Exercise aim: Below is a listing; retype exactly the lines between the one containing "Design Papers 2016" and the one containing "55mm Gradient Geometric", inclusive, minus the pictures.

#### Given information

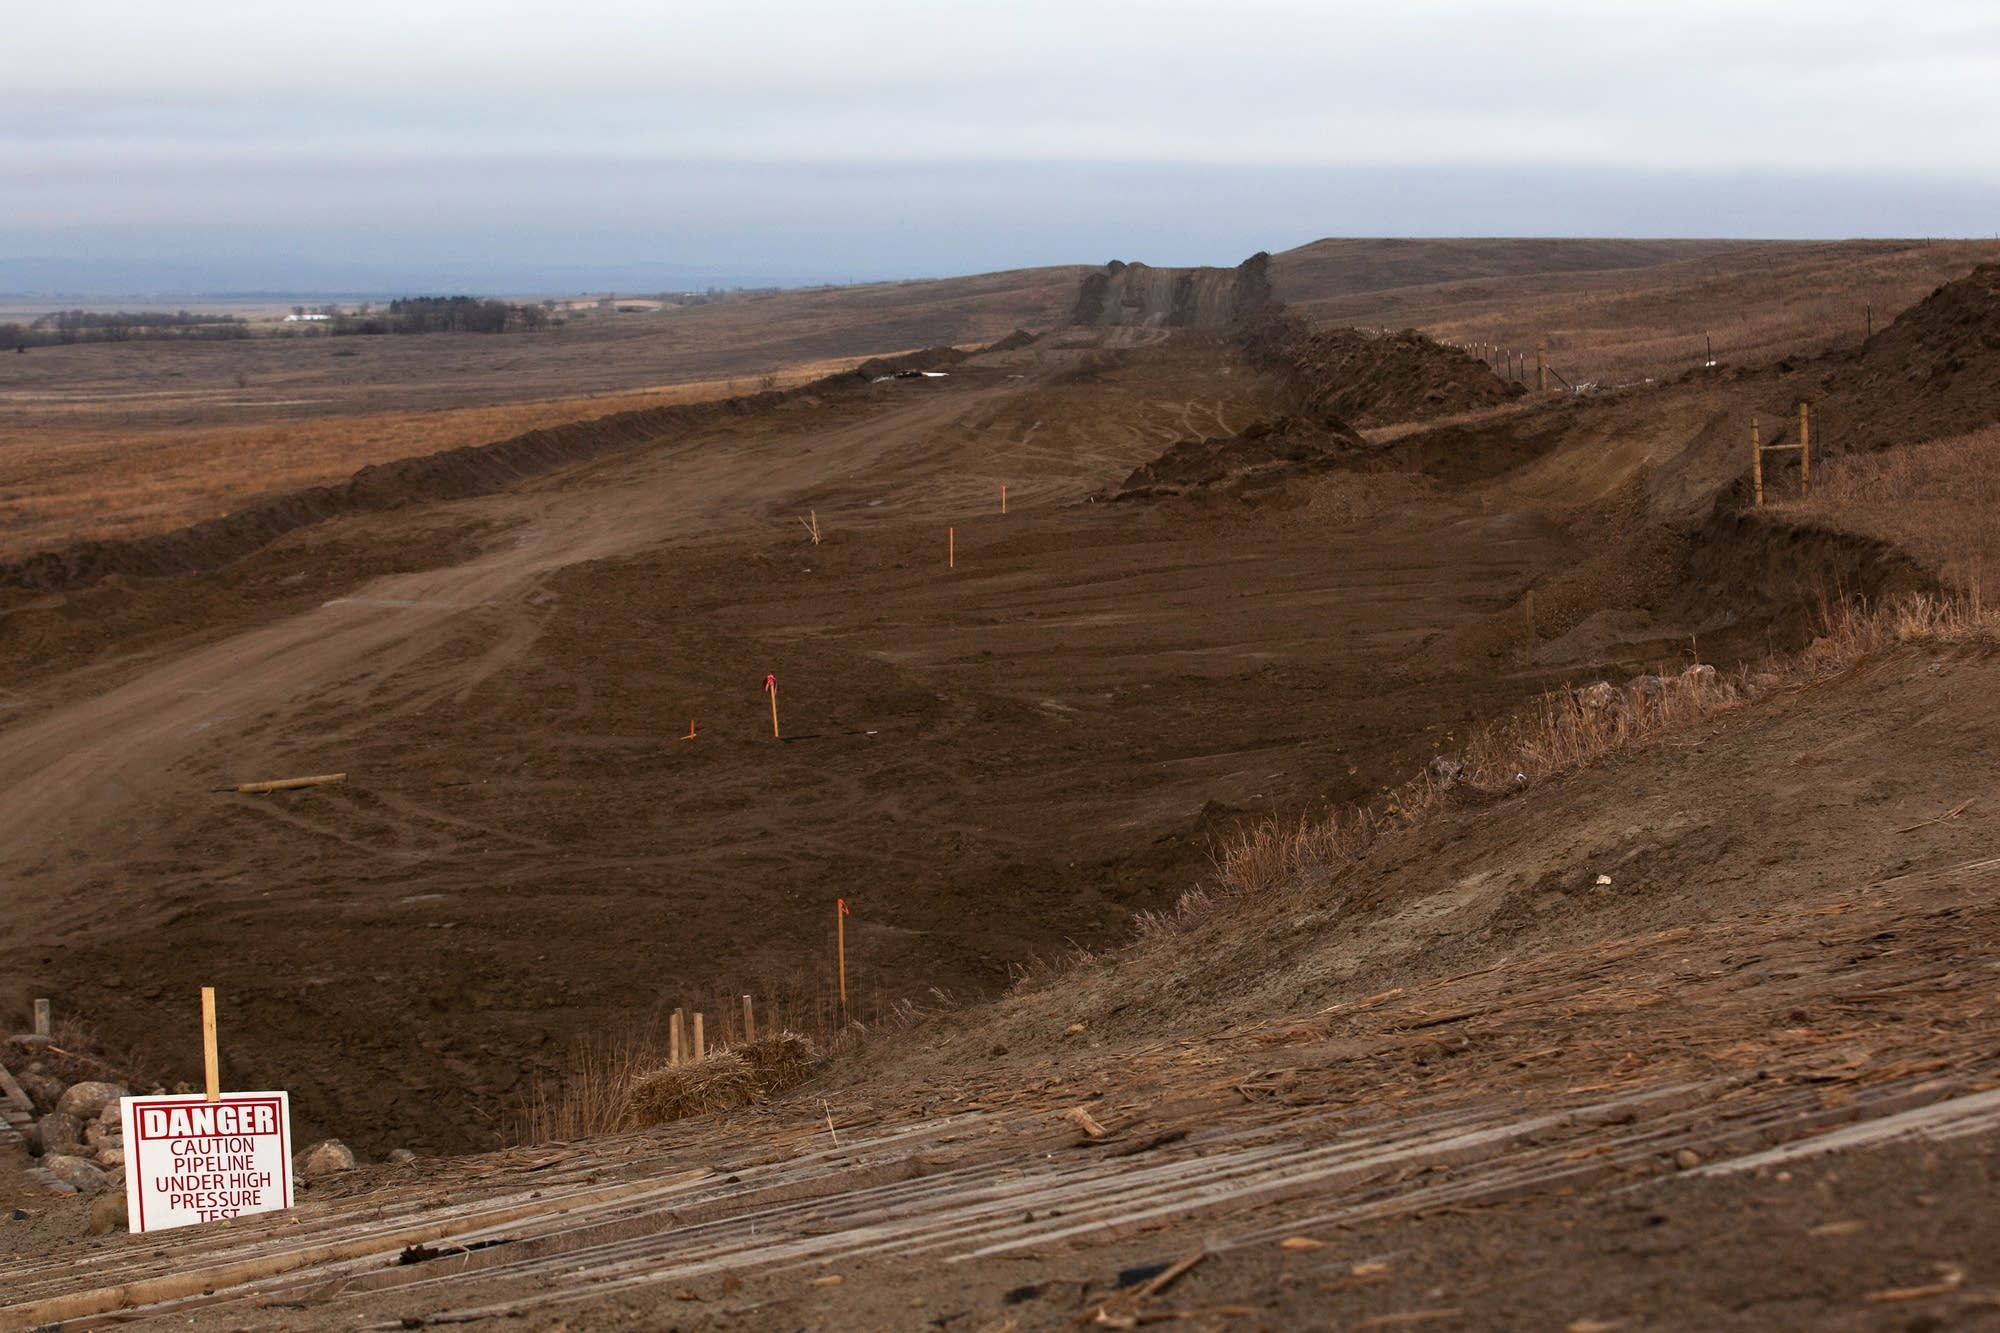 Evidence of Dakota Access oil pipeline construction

########
#### Given information

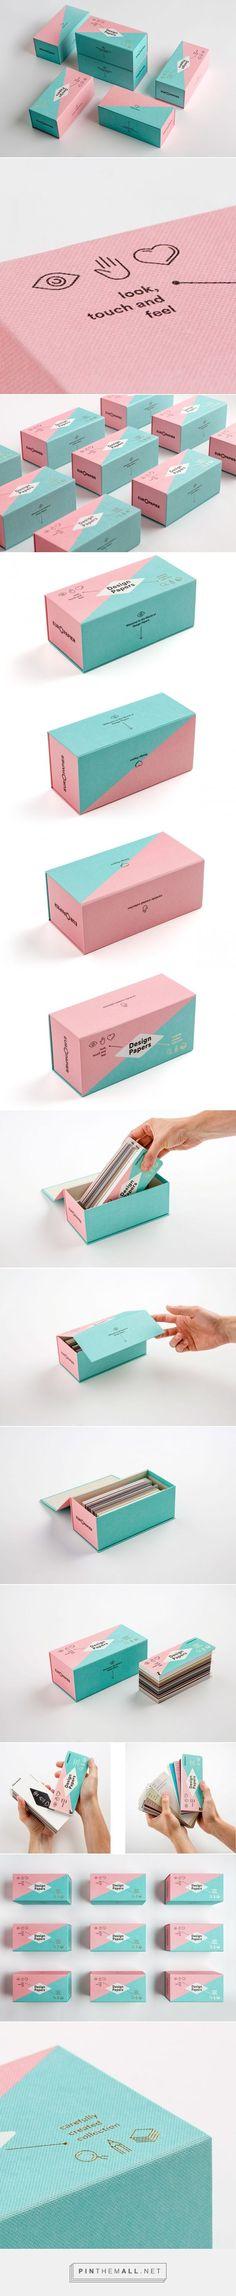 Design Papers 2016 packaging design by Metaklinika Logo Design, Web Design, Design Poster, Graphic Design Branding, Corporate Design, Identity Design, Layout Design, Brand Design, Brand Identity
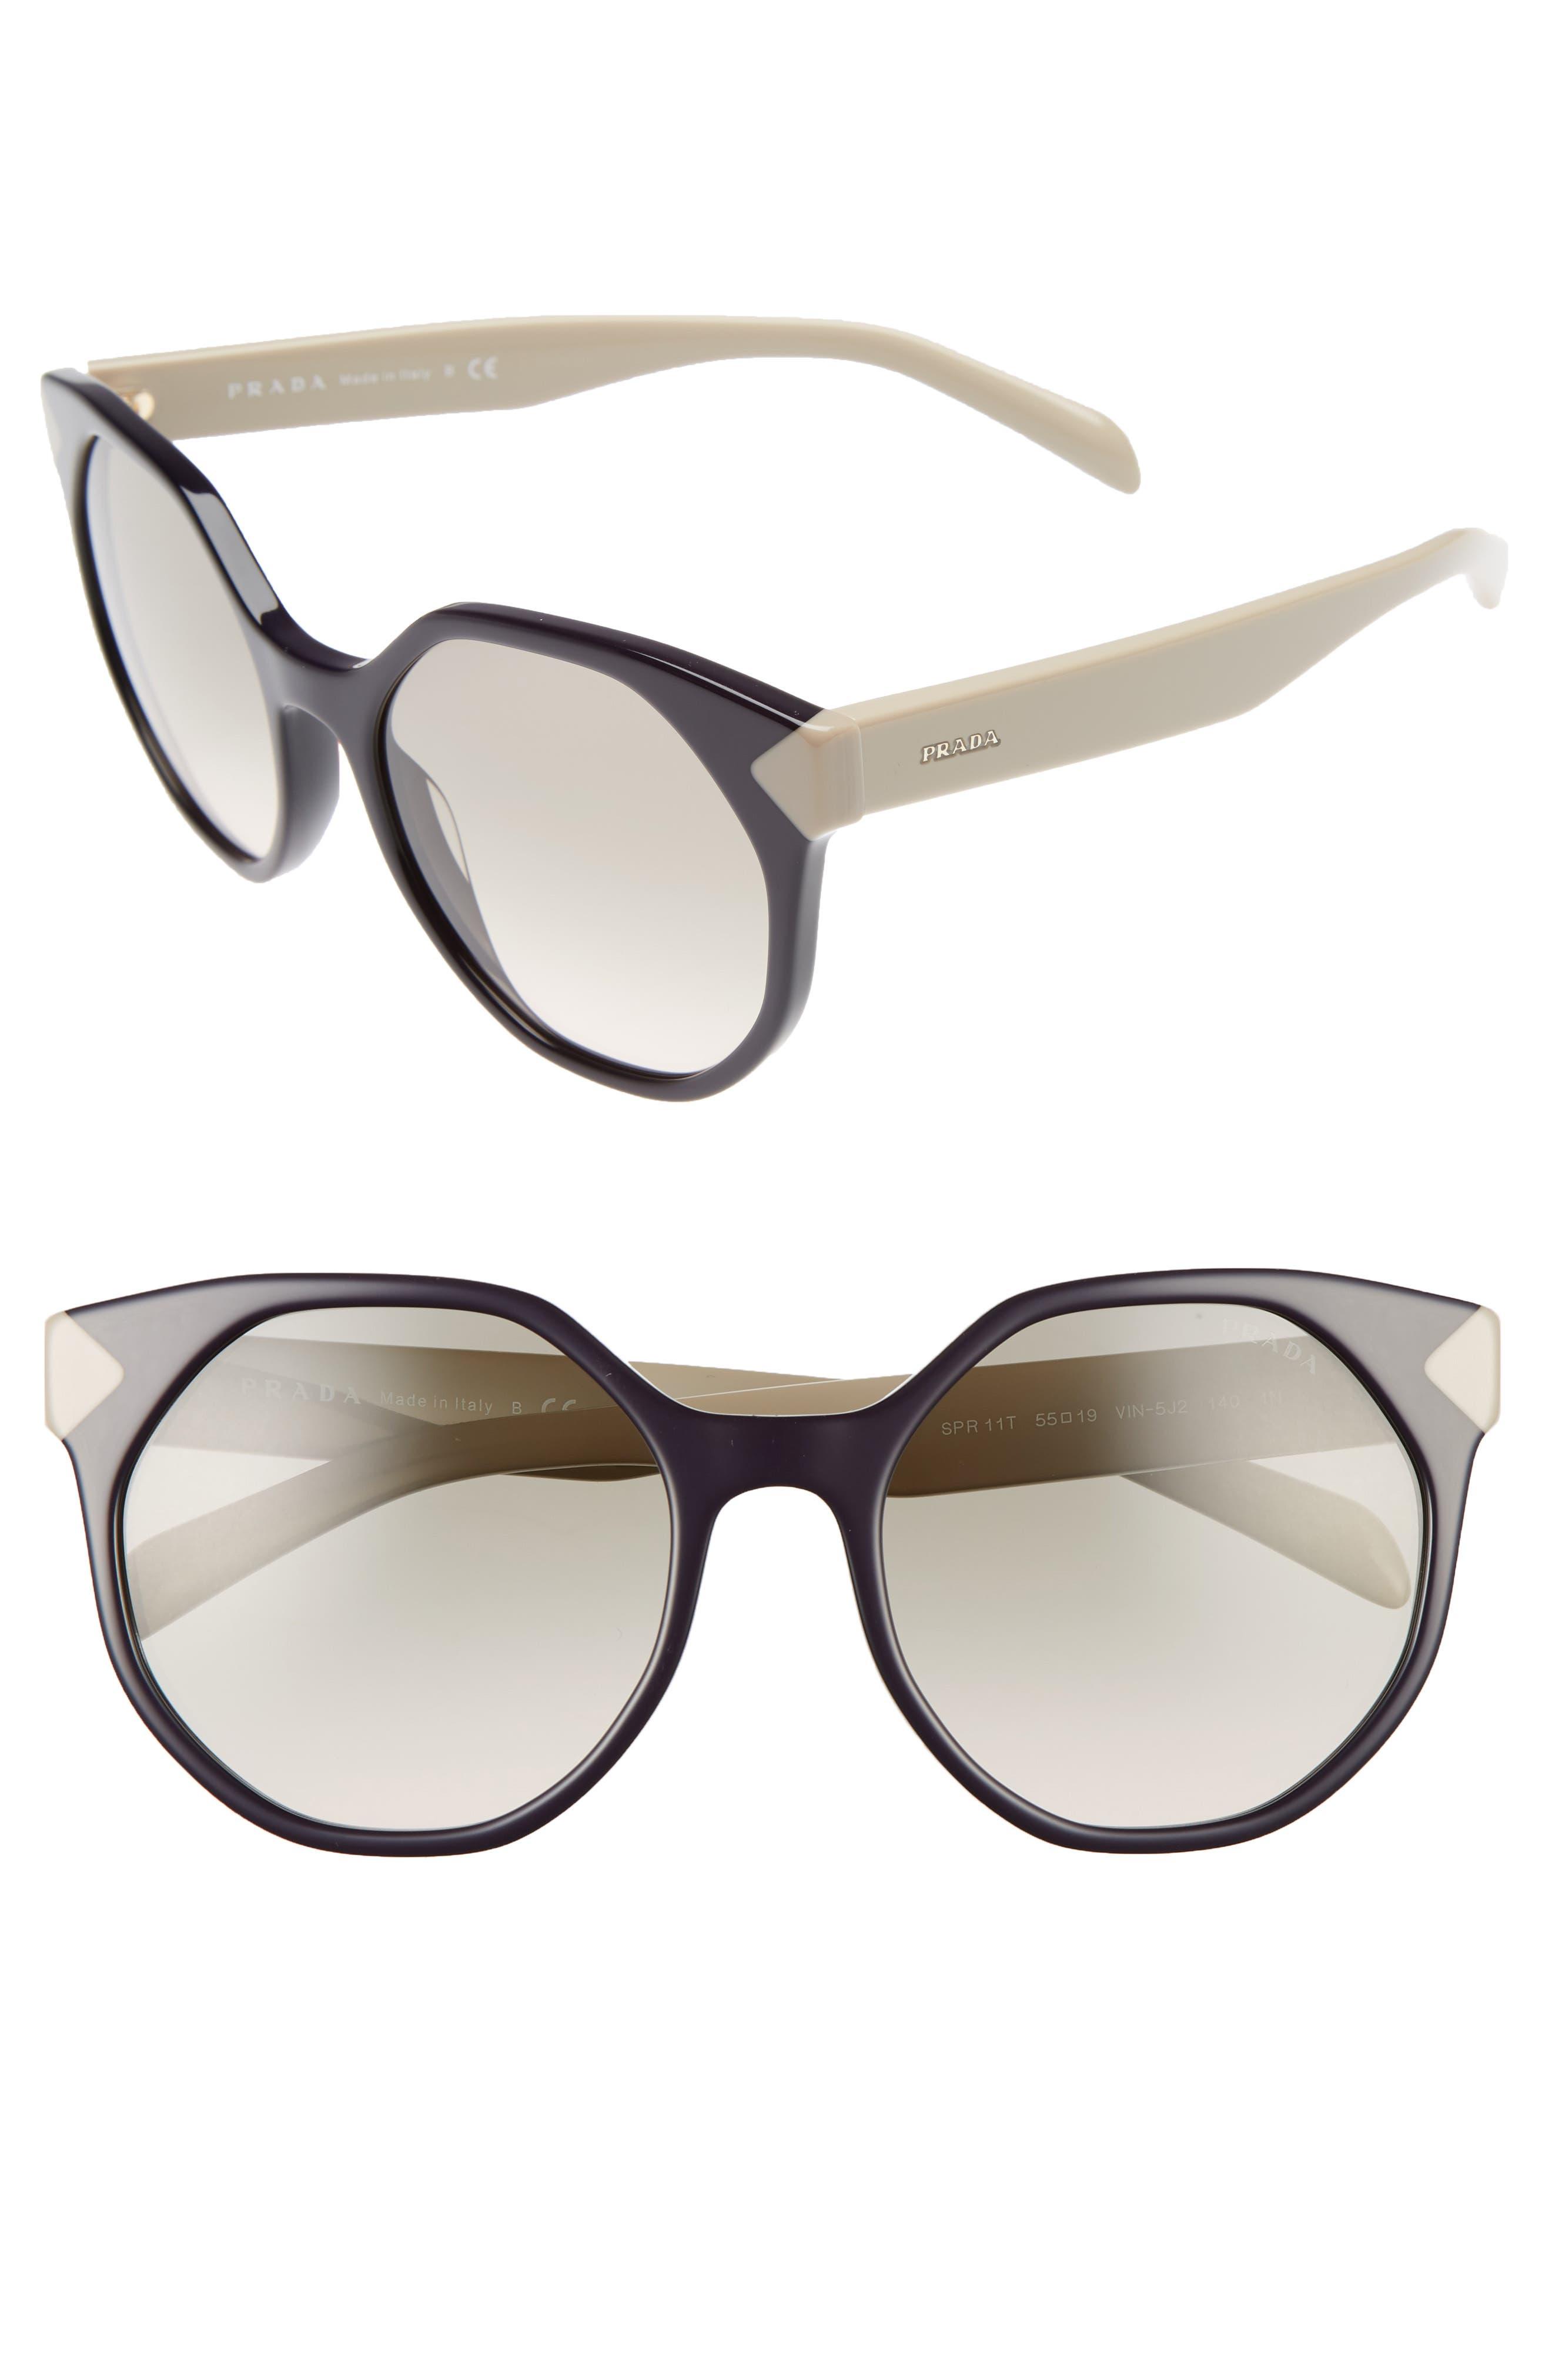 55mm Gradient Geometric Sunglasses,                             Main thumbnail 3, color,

########

Answer area:
 Design Papers 2016 packaging design by Metaklinika Logo Design, Web Design, Design Poster, Graphic Design Branding, Corporate Design, Identity Design, Layout Design, Brand Design, Brand Identity
 55mm Gradient Geometric Sunglasses,                             Main thumbnail 3, color,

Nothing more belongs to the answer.